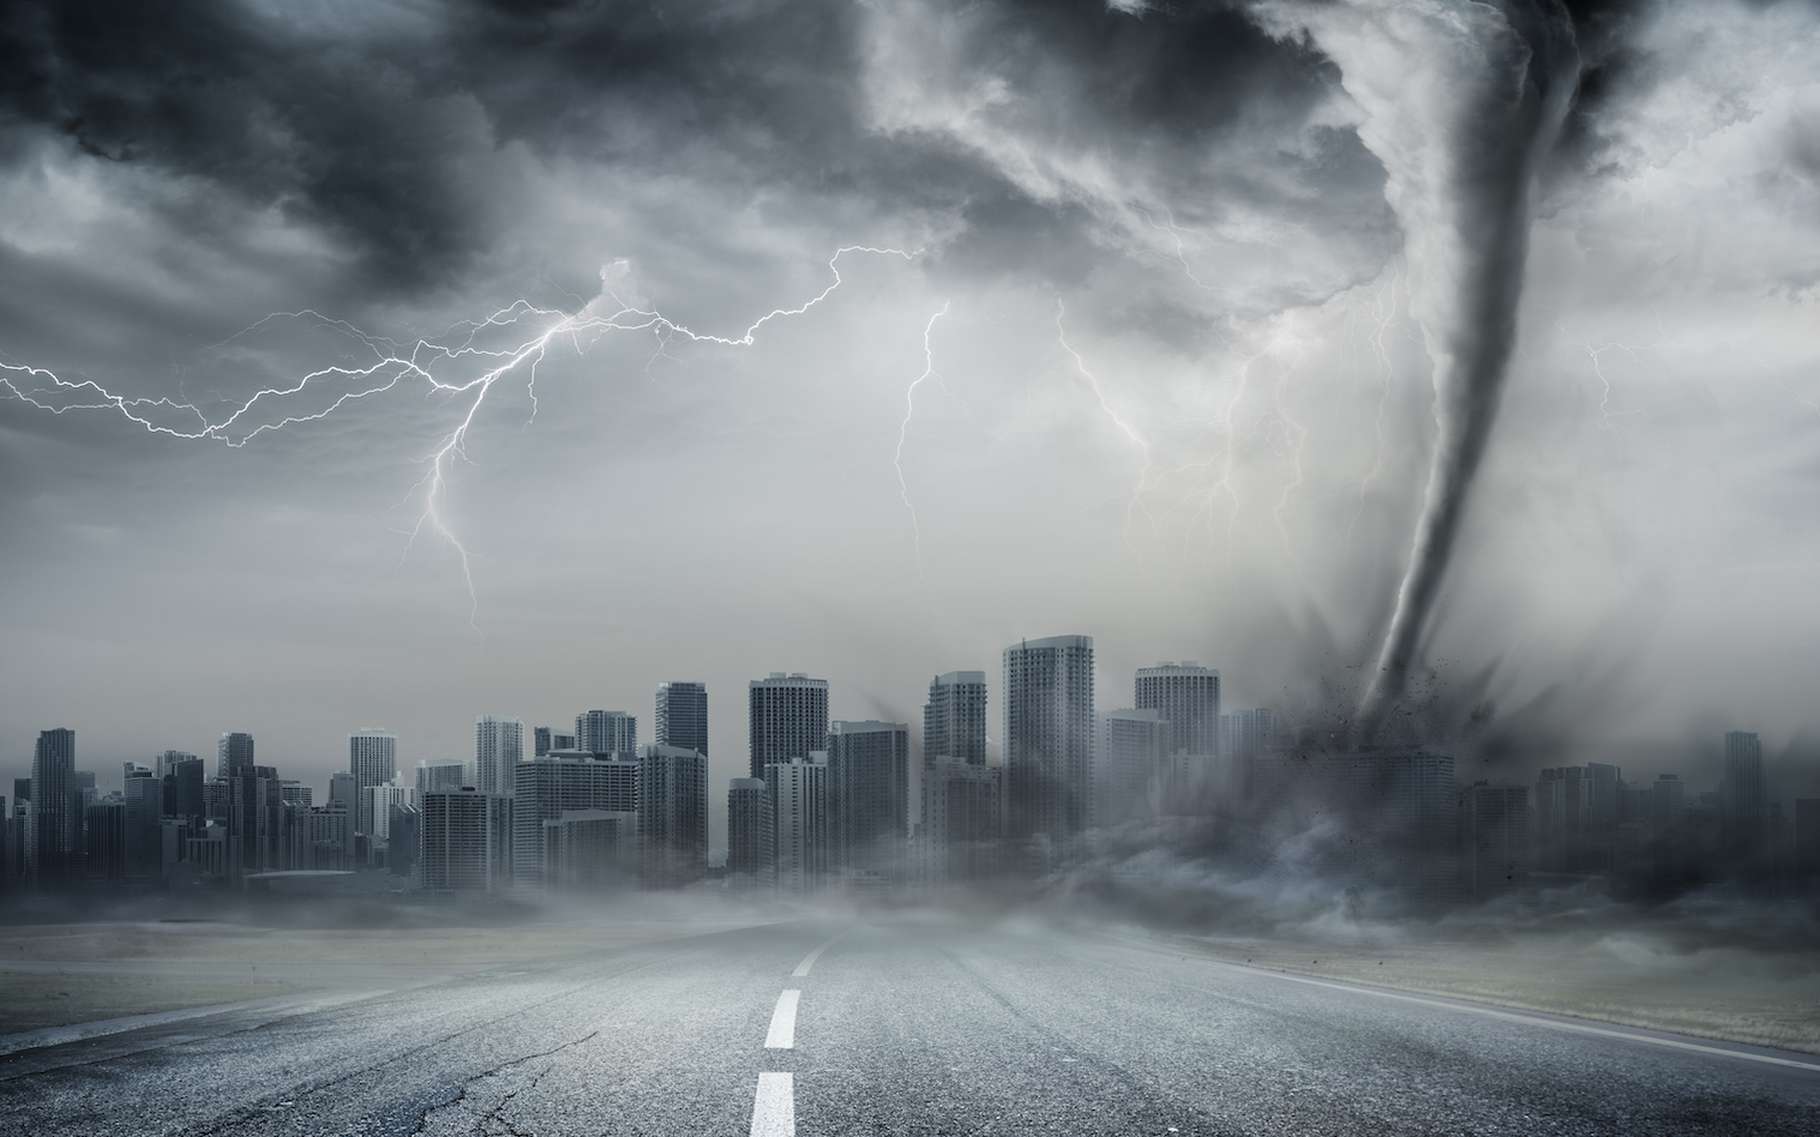 Bien que violente, la tornade est un petit phénomène comparé à l'immensité des ouragans. © Romolo Tavani, Adobe Stock
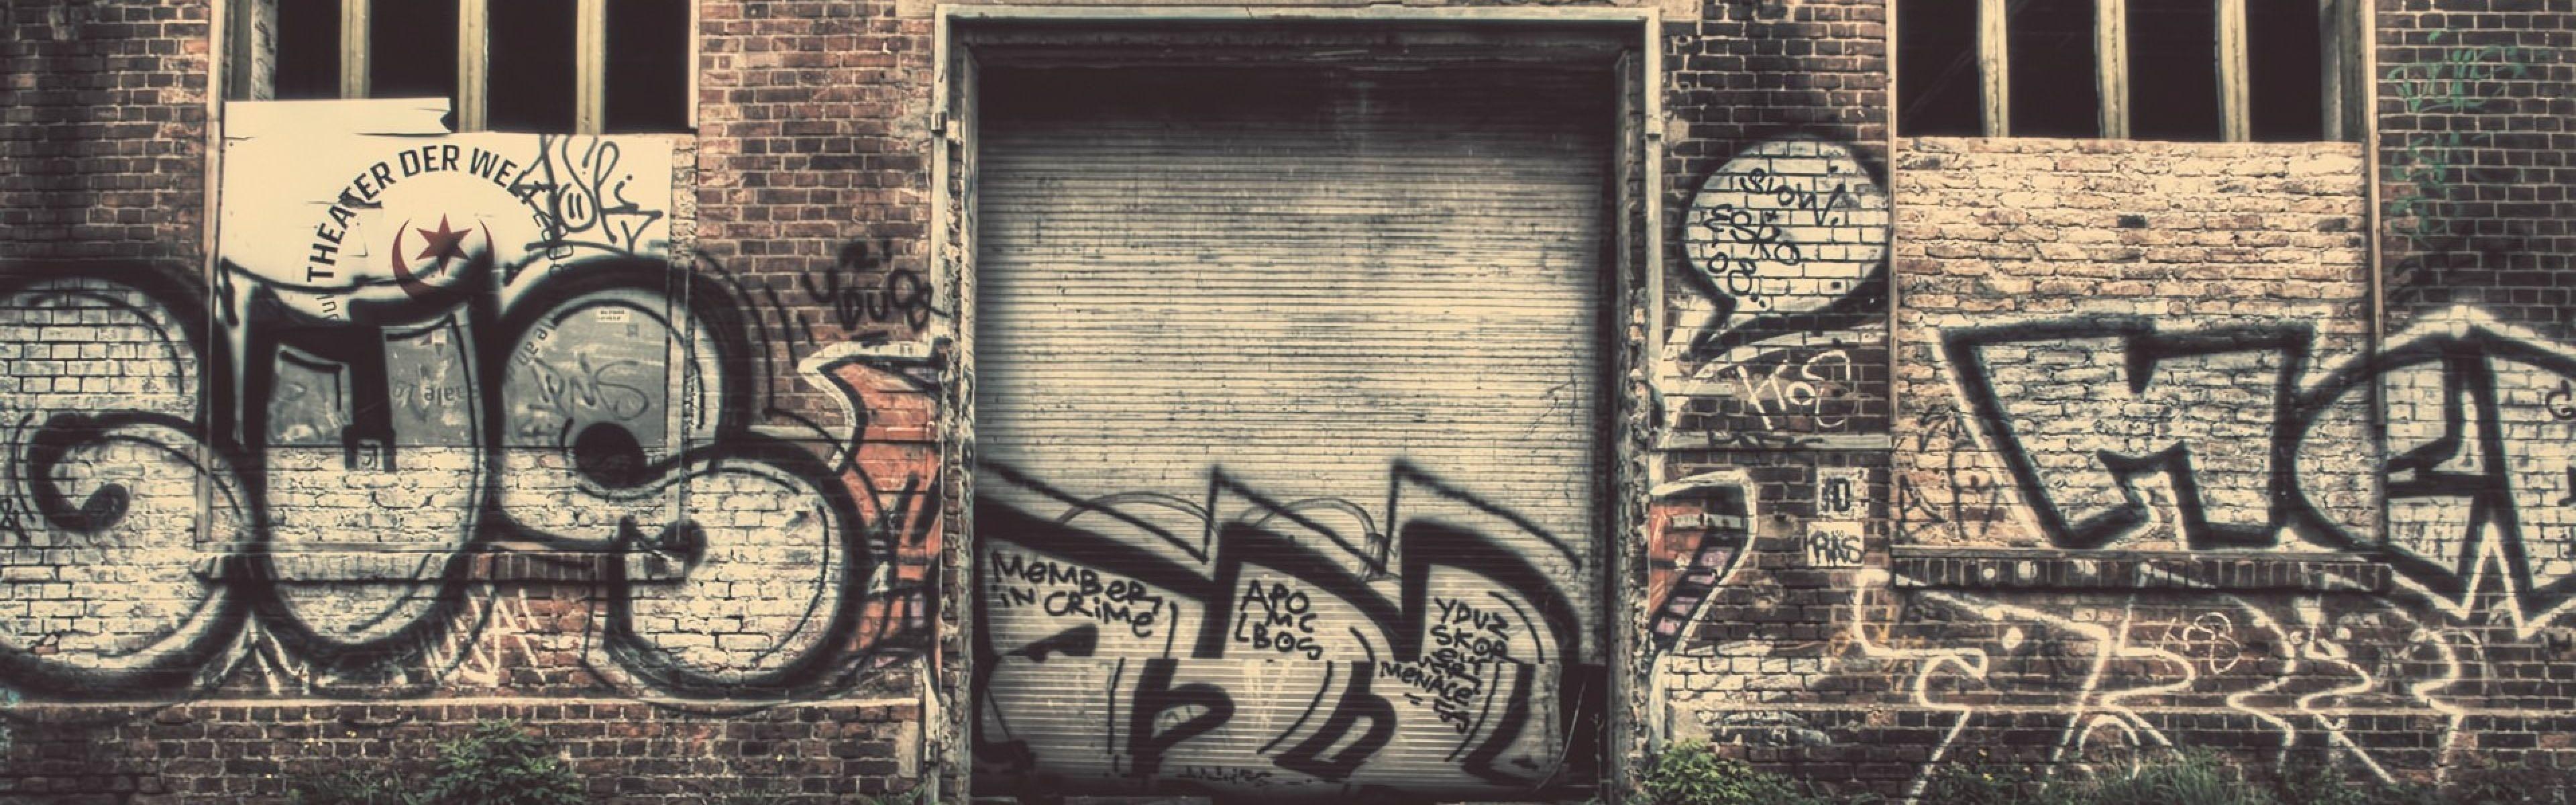 граффити для стима фото 117
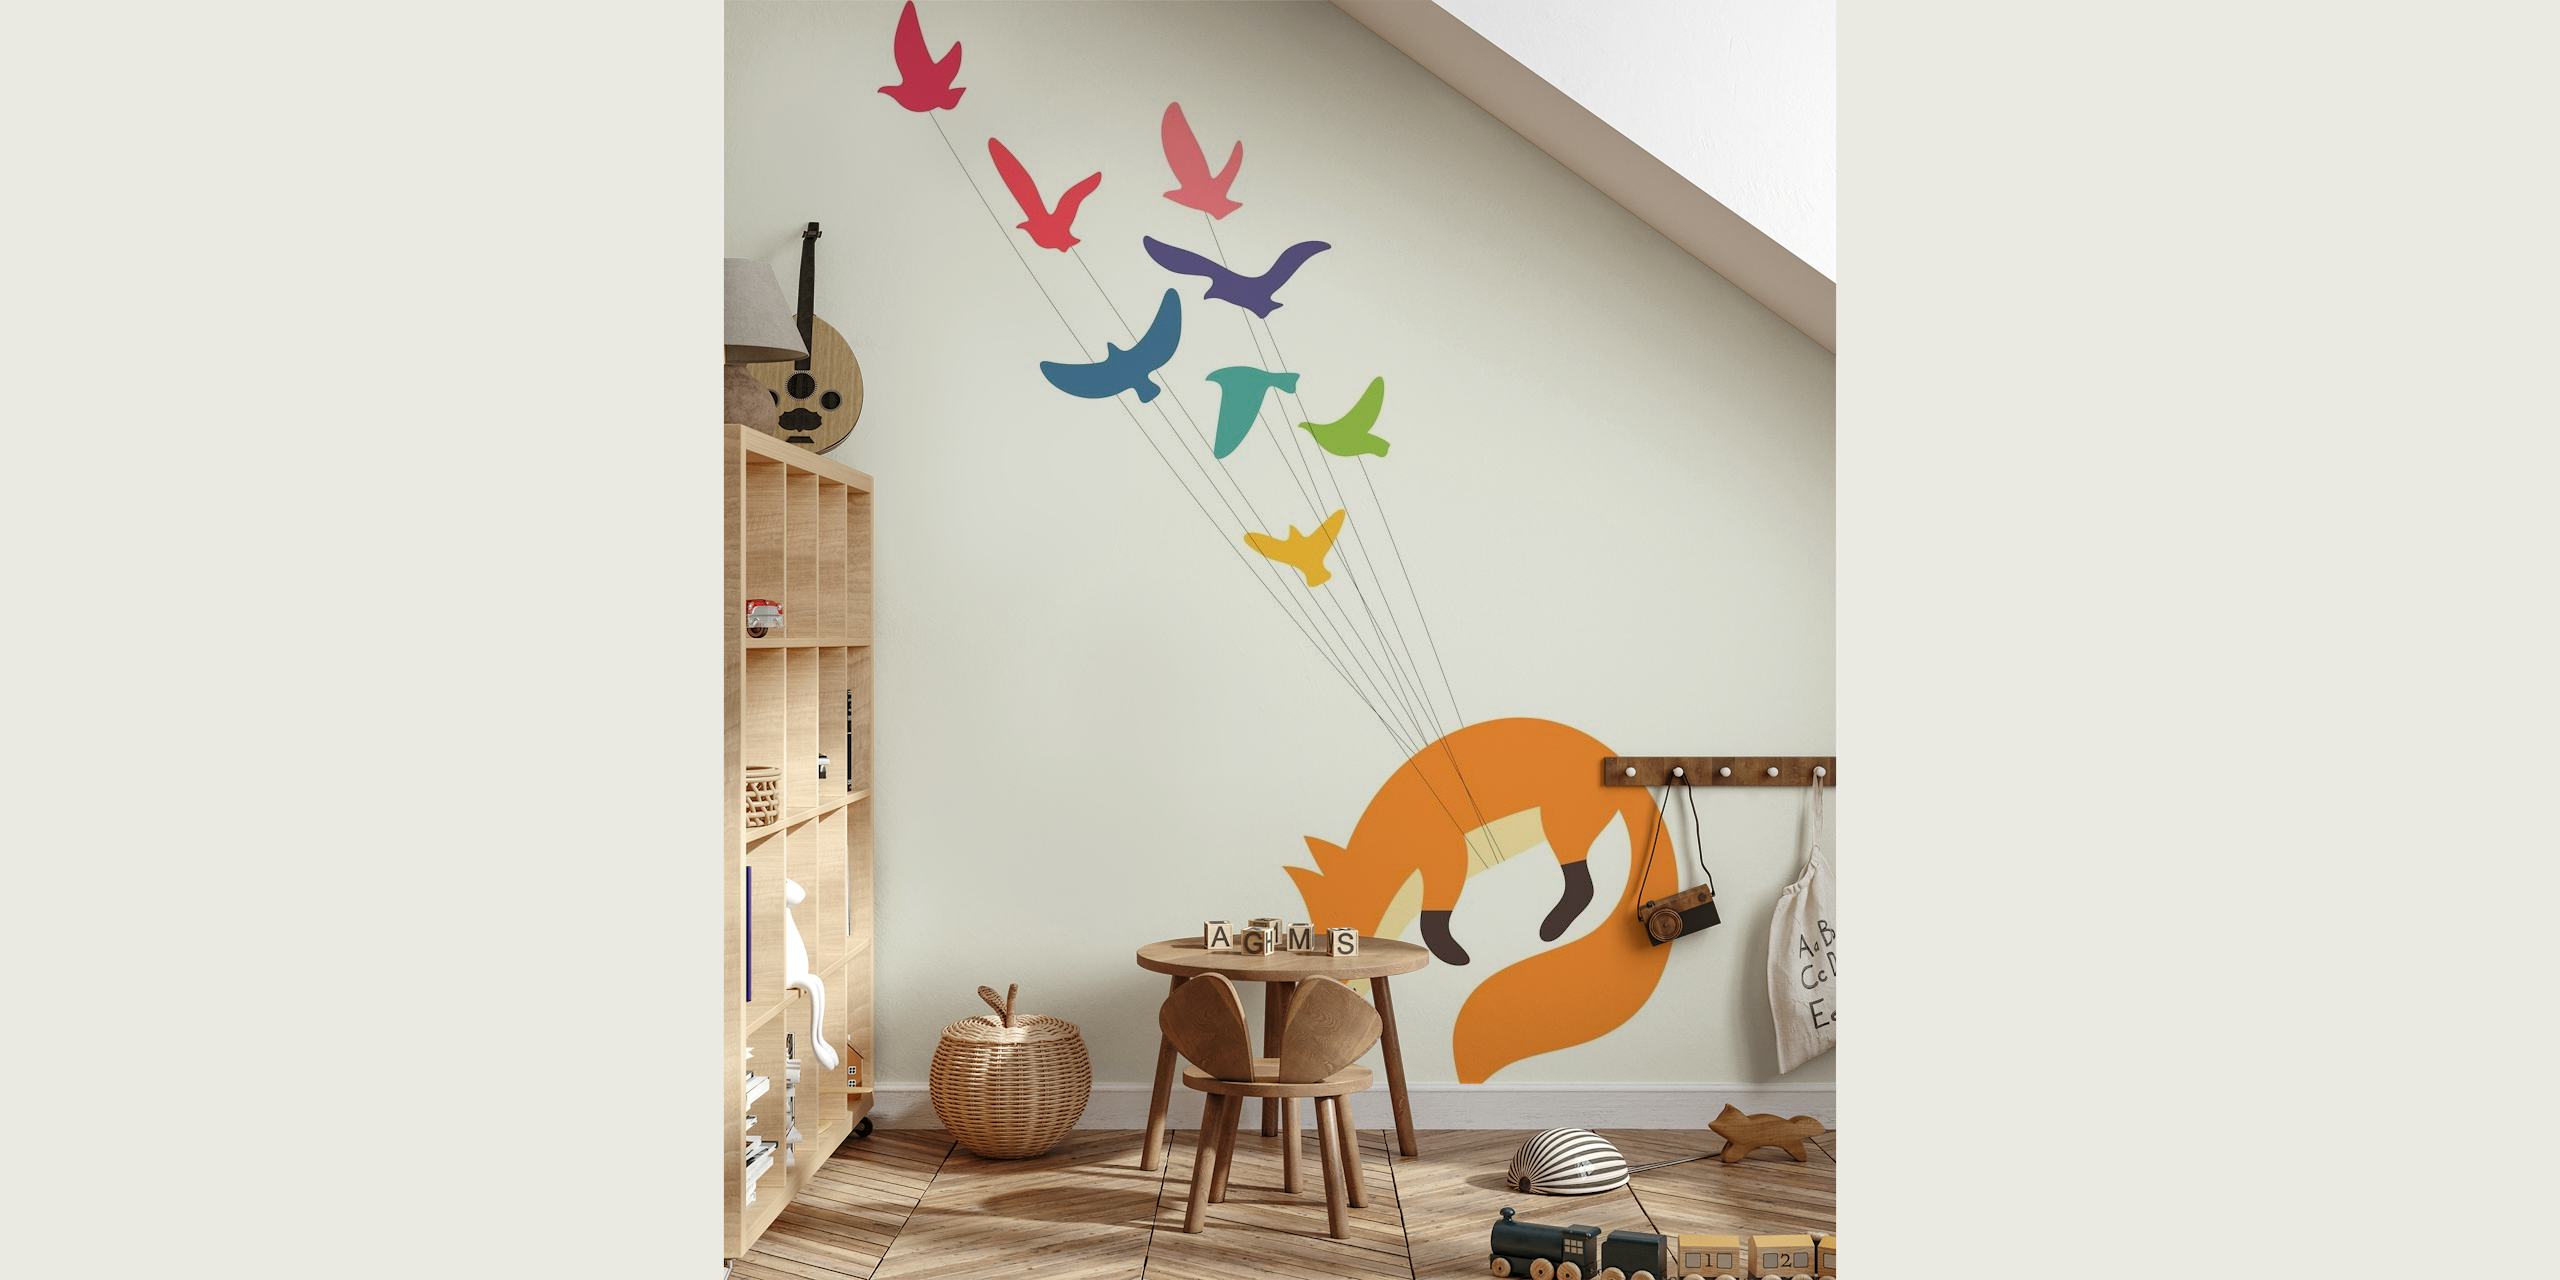 Illustration eines Fuchses, der von farbenfrohen Vögeln als Wandgemälde weggetragen wird
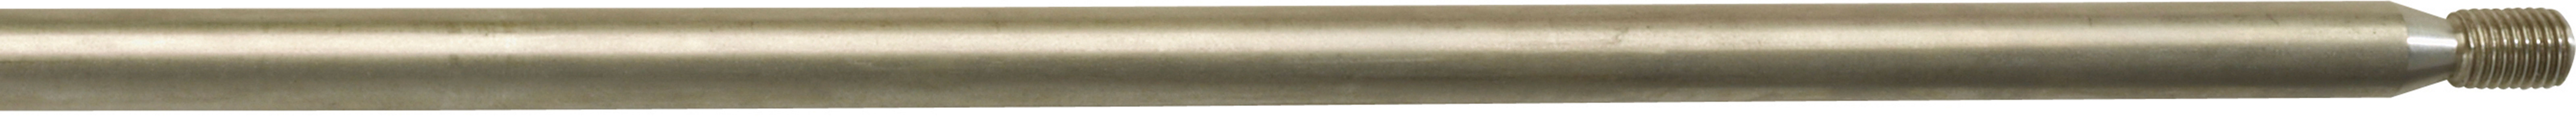 Šíp nerezový so závitom pre pneumatické harpúny Ø 8.0 mm
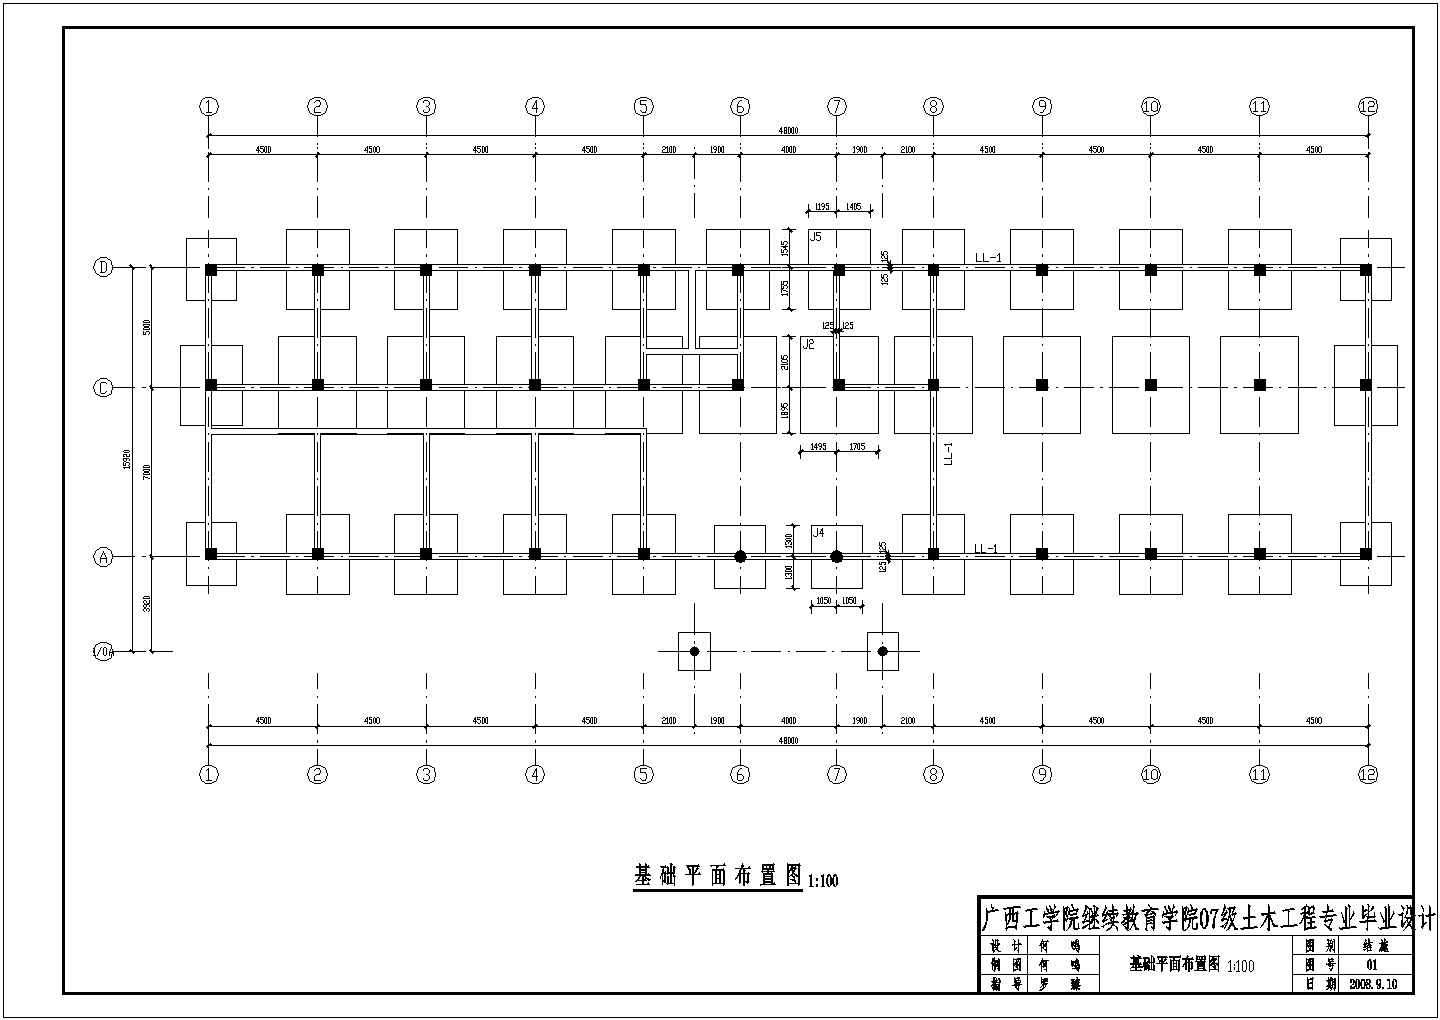 2430平米4层综合办公楼建筑设计图【毕业设计】（含计算书，工程量计算，图纸，实习总结，实习日记，任务书）

● Exercise objective:
From the line containing "граффити для стима фото 117" to the last line of the records, inclusive, output the lines exactly as written and nothing else; leave out the pictures.

● Answer for this exercise:
 граффити для стима фото 117
 Illustration eines Fuchses, der von farbenfrohen Vögeln als Wandgemälde weggetragen wird
 Šíp nerezový so závitom pre pneumatické harpúny Ø 8.0 mm
 2430平米4层综合办公楼建筑设计图【毕业设计】（含计算书，工程量计算，图纸，实习总结，实习日记，任务书）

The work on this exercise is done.